Painting Oranges In Oils

I’m still plodding along, trying to figure out oil painting while also learning lots of stuff about color mixing, and the nuances of foresaking my pen and ink style.  I’d like to think I’m getting a bit better at it but there is more failure in my results than successes.  Reminds me of 2012 and my beginnings as a sketcher.  We learn from our failures so I must be learning a lot (grin).  Here’s my latest, a pot of oranges.

It’s 2022 and our province is mostly locked down as Omicron ravages our population.  We’re lucky in that Quebecers have largely embraced vaccination but still, COVID hangs over us like a wet blanket.  If the biology is sound, however, it looks like we may actually have a decent summer of sketching.  I sure hope so.  Cheers, everyone.

Trying Thicker Paint Applications

If you listen closely, good watercolorists will talk about beginners never using enough paint.  Insufficient paint is the cause of the pale images produced by beginning watercolorists.  This is true and I’ve been guilty of this sin.  Why do we do it?  Because we’re timid.  Pale washes are easier to control because they have a lesser impact on our sketch/painting.

A similar phenomenon exists in oil painting, but for different reasons.  If you were a 16th Century painter, it’s likely that you’ll be applying very thin coats of paint, generating very detailed paintings.  You might even be adding many layers of very thin glazes over the base paintwork.
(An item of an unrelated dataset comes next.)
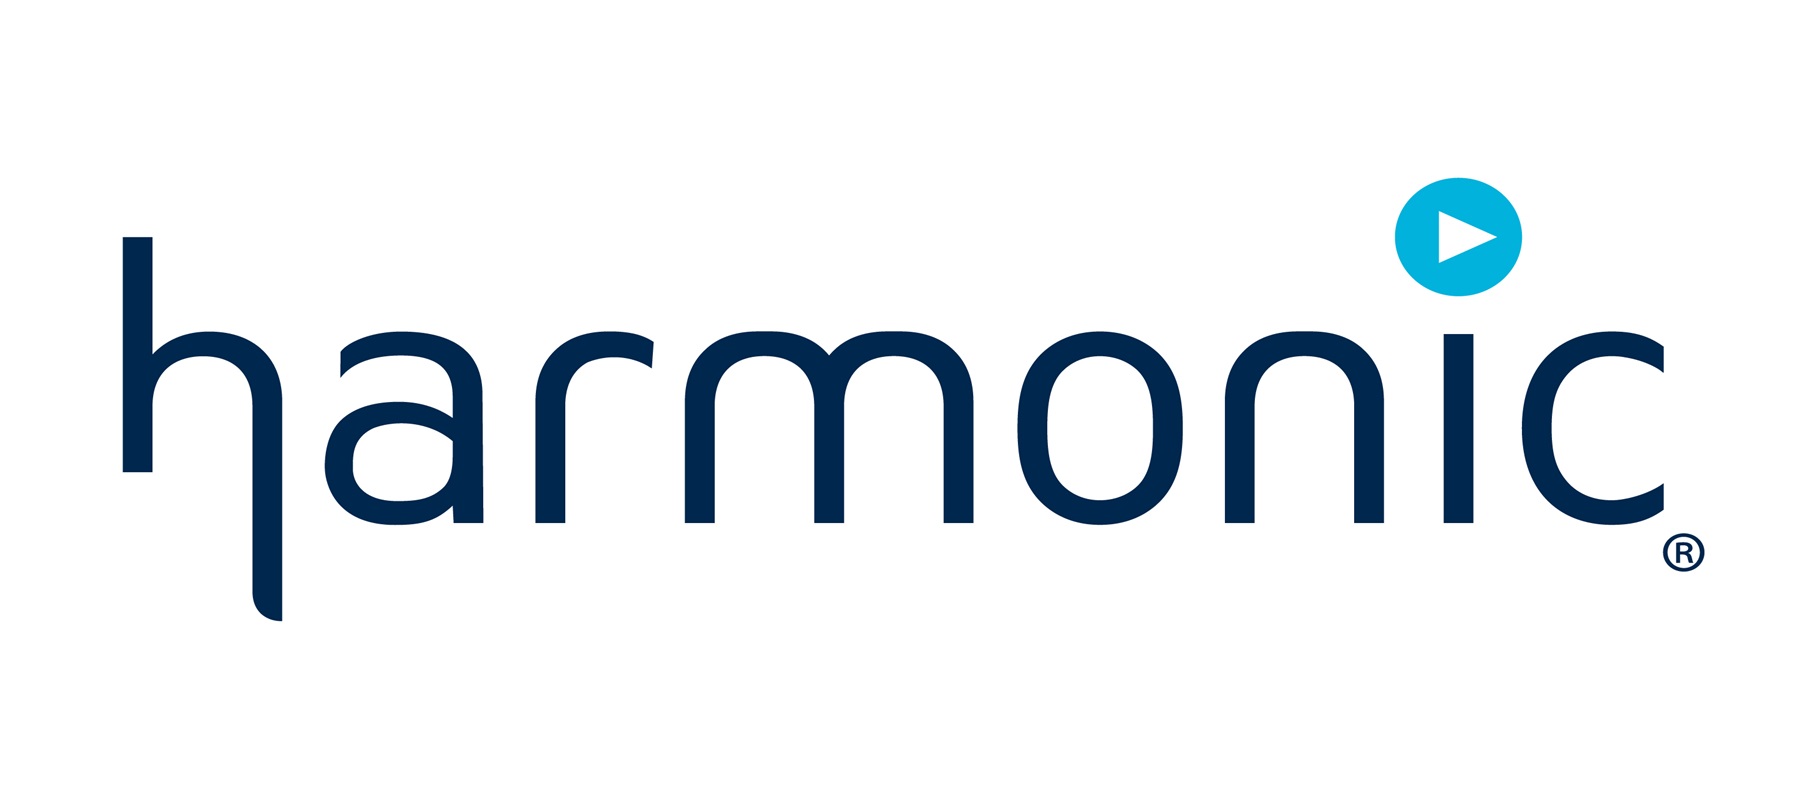 Harmonic introduces in-stream advertising for live sports streaming

At some point, however, some artists started using more paint.  The impressionists started working with “broken color” and the placement of thick spots of color became the order of the day and the notion of “brushwork” became a more prominent portion of the artist’s “signature.”
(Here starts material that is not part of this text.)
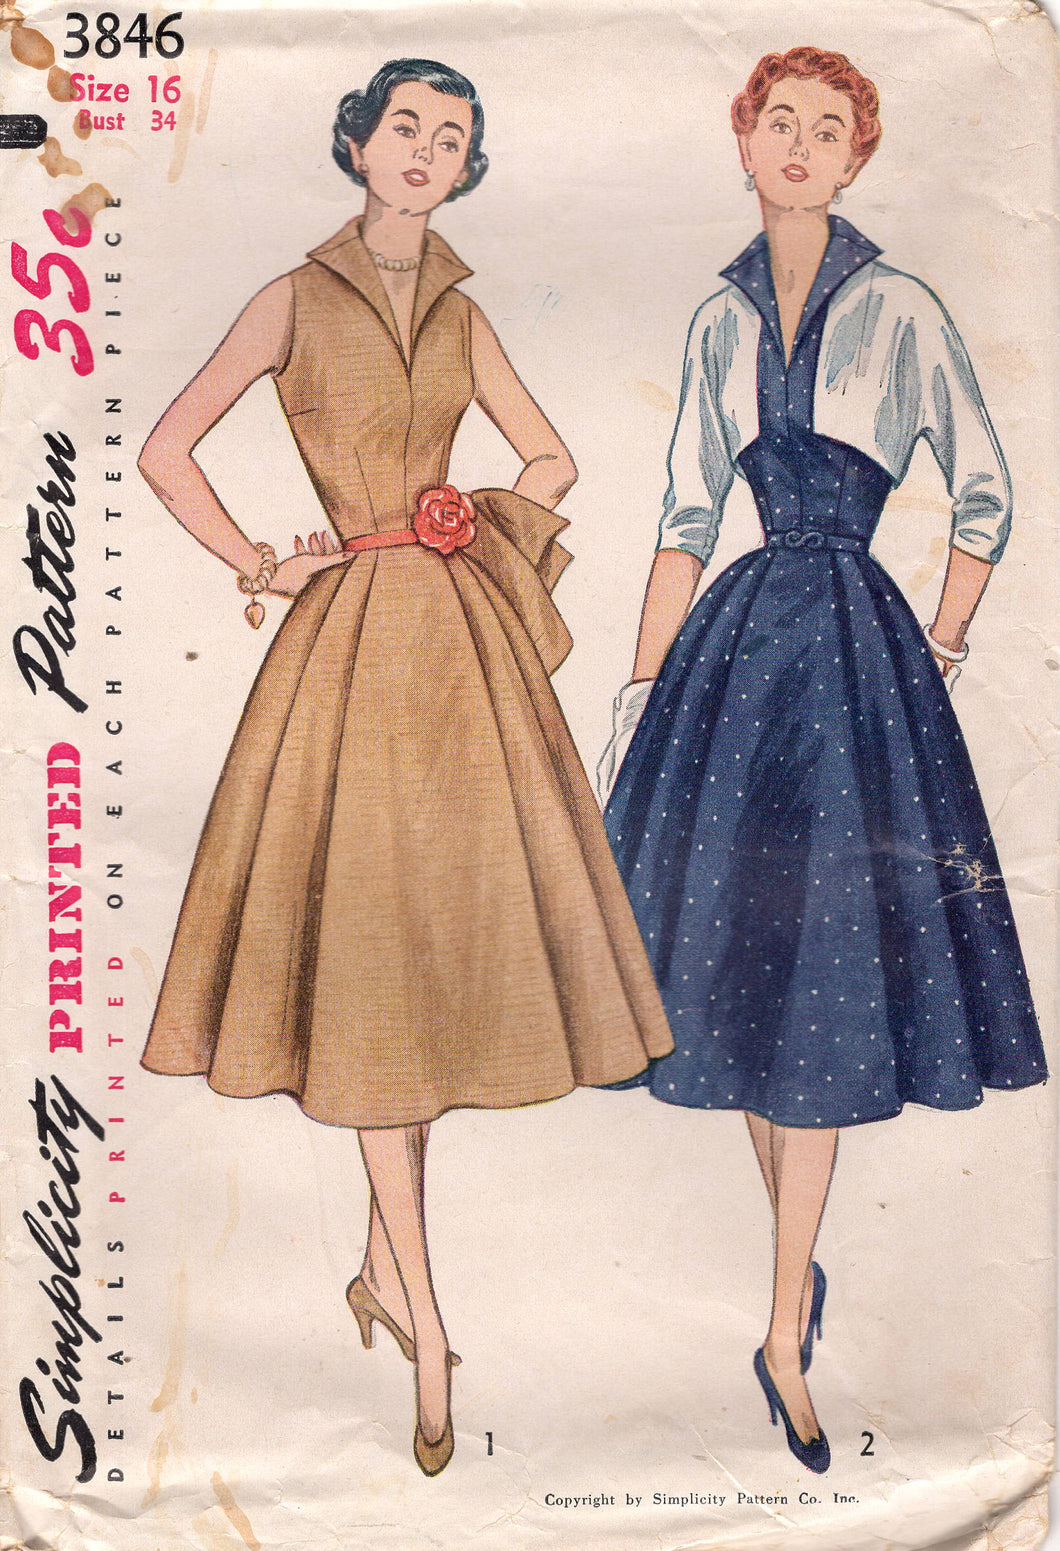 1950's Simplicity One Piece Dress Pattern with Large Collar and Bolero - Bust 34

Fast-forward to today and we have both of those forms of painting, or maybe its best portrayed it as a continuum of thin and thick ways of applying oil paint.  For someone like me, who is trying to figure out how to use oil paints, I have found this confusing as I watch some artists use large brushes and apply thick layers of paint with a flourish while others use thin layers of paint and, typically, smaller brushes.

So, with this sort of variability, it leaves a “let’s try it” kind of guy like myself with a need to try both approaches to see what approach bests suits the kind of painting I want to do.  This last thing is important as I’m not interested in heavy impasto painting where identifying the subject is obfuscated by the brushwork.  Instead, I am trying different paint thicknesses within a narrow range in an attempt to paint fruit (or flowers).  I’m still a detail-oriented kind of guy, much to the chagrin of the painterly types who tell me to “loosen up” (grin).

Here’s an attempt at using thicker paint.  I find this approach fun but it’s so easy to muddy up the shadows while trying to turn the form.  This is a good example of this problem.  But it is a pumpkin; it’s just a slightly out of focus pumpkin.  I’m having fun with oils and learning a lot.  I feel it will improve my watercolors in the long term.